А потом Гриф бросил открытую коробку с пистолетом на колени Паулю, пошел на чердак, снял с книжной полки запечатанную банку, вернулся, поддел ногтем крышку, вытащил из желоба чуть подгнившее резиновое колечко, вынул из коробки пистолет и медленно опустил его в повидло; оба мальчика наблюдали за тем, как повидло, слегка приподнявшись, доползло до горлышка банки. Потом Гриф снова вложил в желобок резиновое колечко, завинтил крышку и поставил банку на старое место.
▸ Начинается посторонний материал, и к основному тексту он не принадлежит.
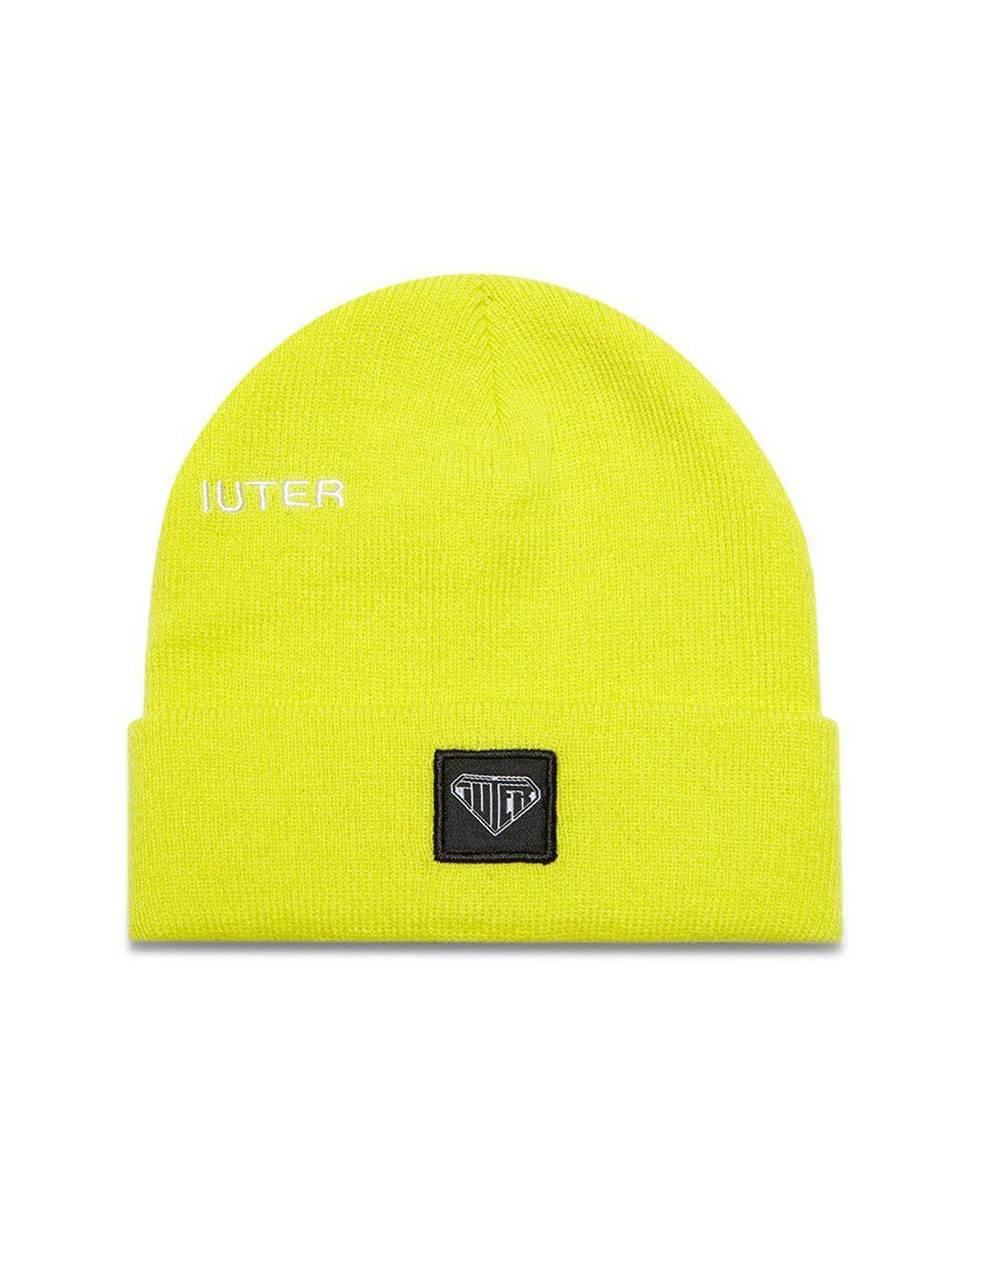 Iuter logo fold beanie - Neon Yellow IUTER Beanie 39,00€

– Пошли, – сказал он, и его лицо опять стало жестким и темным, – пошли, достанем пистолет твоего отца.
– Тебе идти нельзя, – сказал Пауль, – придется влезть в окно, они не оставили мне ключа, я пройду с заднего двора, вдвоем нас скорее заметят; они не оставили мне ключа, думали, я приду смотреть греблю…
– Гребля, – сказал Гриф, – водный спорт, вот чем у них голова забита. – Он замолчал, и мальчики прислушались: на берегу кричали мороженщики, играл духовой оркестр, потом загудел пароход.
– Перерыв, – сказал Гриф. – Времени у нас вагон. Хорошо, иди один, но поклянись, что вернешься и принесешь сюда пистолет. Железно?
– Да.
– Дай руку.
Они пожали друг другу руки, ладони у них были теплые и сухие, но каждый из них пожалел, что рукопожатие товарища было не такое крепкое, как ему хотелось бы.
– Сколько времени у тебя уйдет?
– Двадцать минут, – сказал Пауль, – я так часто проделывал это мысленно, но только мысленно… Надо открыть отверткой… У меня уйдет двадцать минут.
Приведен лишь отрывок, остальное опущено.